门缝里挤进一条冷,像被雨水拧干的布条。钥匙在指间打转,指节上有旧茧。屋内只有一盏台灯,灯罩的边缘累了灰,光瘦成一根针,横在桌面上。鞋子堆在门口,湿漉漉的鞋帮互相摩擦,发出不合时宜的响声。门一关,世界被压了回来,只剩屋子里低而细的声音:水杯里剩一点茶,静止却在冒着薄薄的气。
我脱下外套,袖子摩擦灯罩,感觉到一层粗糙。手指习惯性地绕过那条深色的痕。每次回到这屋子,总会有缝隙里跑出来的东西。像是灯,像是味道,也像是记忆。我的动作很慢,像生怕惊动什么正在睡的东西。眼睛先看不到全局,只能逐块拼接:书背朝外的一页,桌角被烟头灼出的小黑点,一个杯子里还黏着牙印。
门外传来敲门声,节奏不急不慢,是老周的手。声音带着楼下湿土和炭火的味道:“哎呦,小顾,回来了?别把灯放成这个样子,前天我就说,住着人嘛,得亮些。”他说话的韵脚里是整个小区的风言风语,粗糙但带着一种别人的责任感。
我应了声,声音平静得像剪刀切过布:“知道了。
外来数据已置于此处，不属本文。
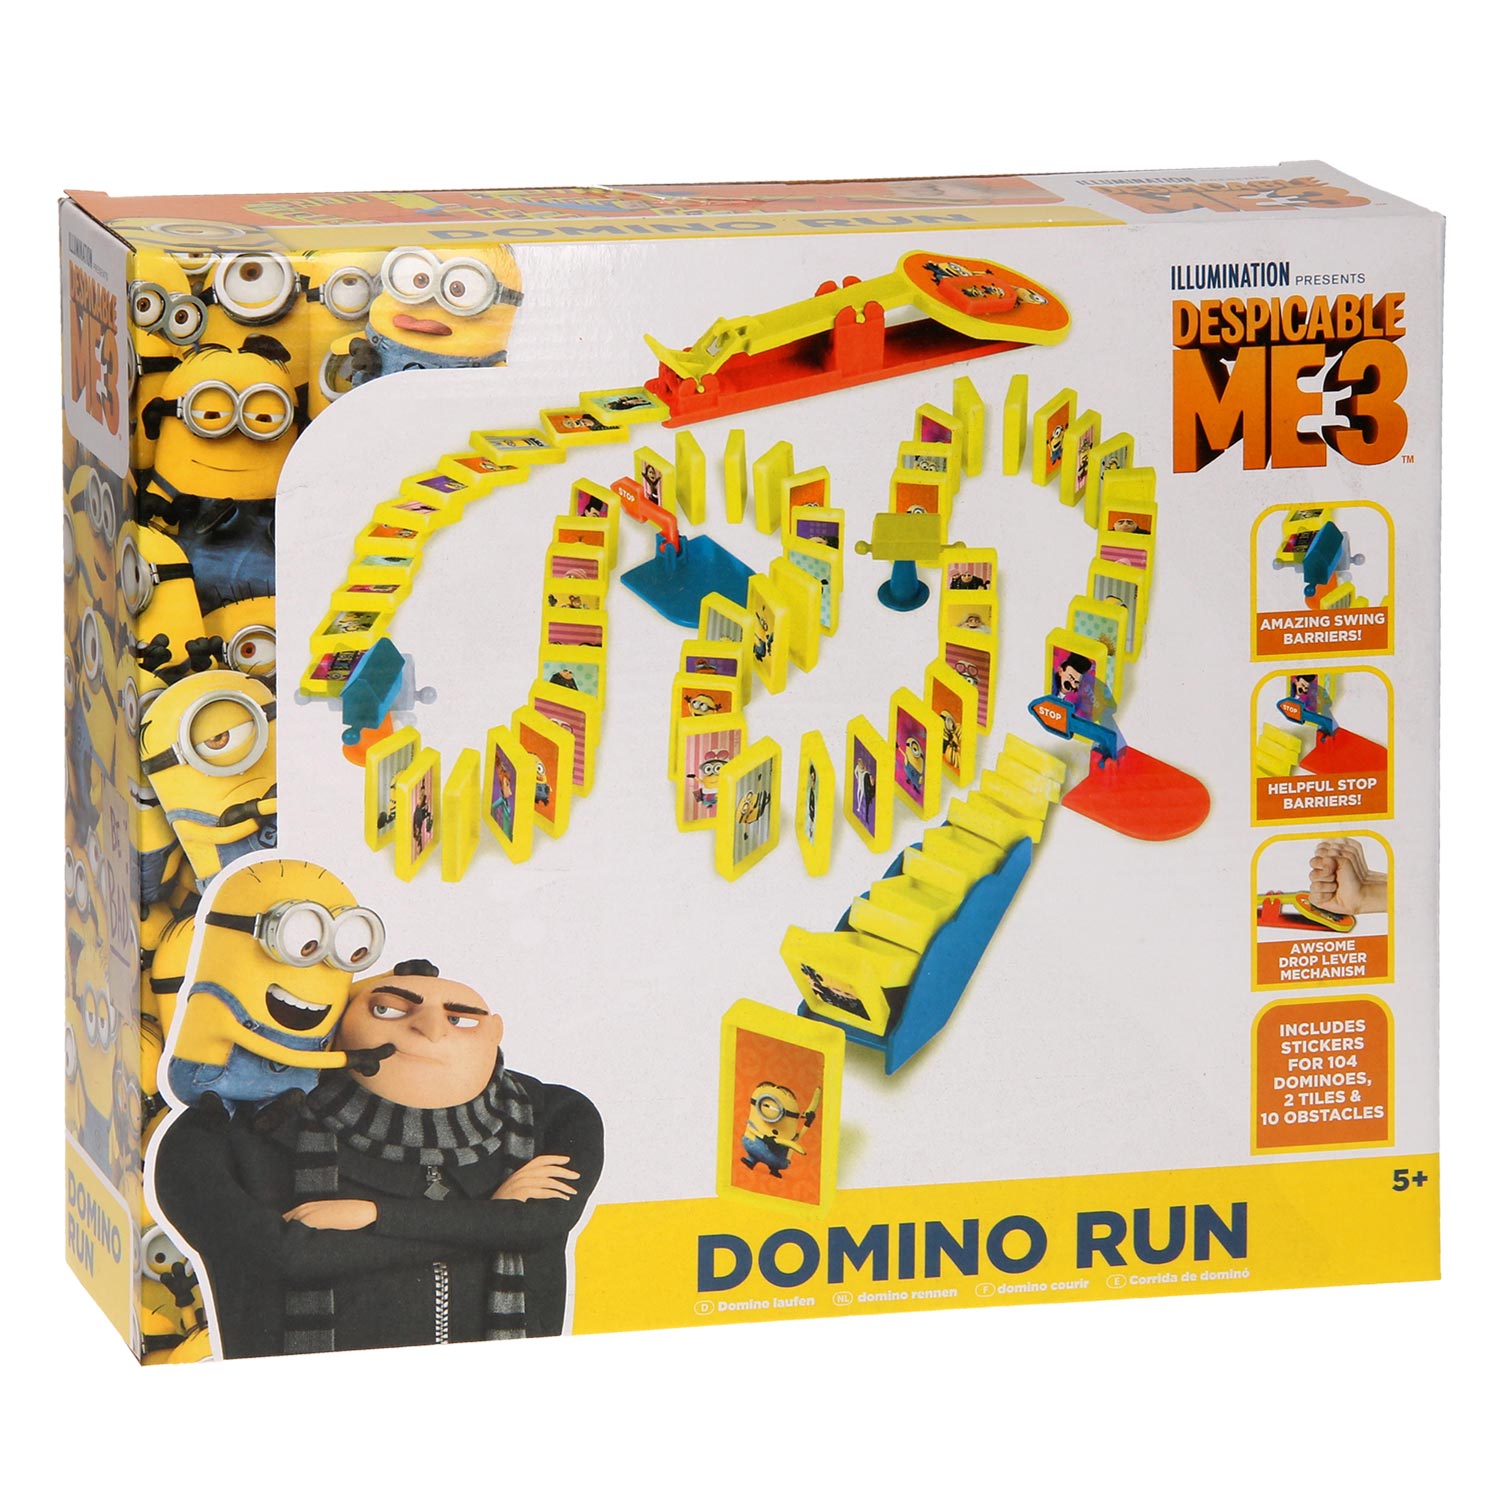 Despicable Me 3 Domino Run

”我转身去摸开关,手指指腹先触到灯罩的边缘,碰到一圈薄薄的胶痕。那是我多久前贴上的东西,现在看起来像是旧伤结了痂。我的手轻颤了下,但动作继续,像完成一件每日例行的家务。
灯亮了一瞬,马上又黯。光像被咽下一样,断断续续。灯罩里漏出一角白色。那白色像是从缝里探出的脸。我伸手去掏,那是一张小照片,被透明胶粘在灯罩内壁,折了两道痕。照片上的光线是晴天,孩子站在街口,笑得不高不低,牙缝里有一颗缺的影子。孩子的头发被风吹乱,眼睛望着镜头里的人,目光很纯粹,不带任何防备。
老周的声线从门外压进来:“那是谁的?”他的语气带着好奇,也带着点想要把这个答案拉成一个故事的冲动。我低头看照片,指尖碰到边角,胶粘的声音像小声的咳嗽。我把照片抽出来,纸背是字,歪歪扭扭,笔迹像是孩子写的。‘等妈妈。’三个字,首尾都没按力,像被风吹得要散开。
那句话在屋子里掉了个跟头。我的嘴里一条线,像紧住的线轴。老周的呼吸变短了,“小顾,你……”他的话卡在喉间,像想从隔壁把过去扯出来。我的手指把照片捏得有点痛,纸边磨出细白。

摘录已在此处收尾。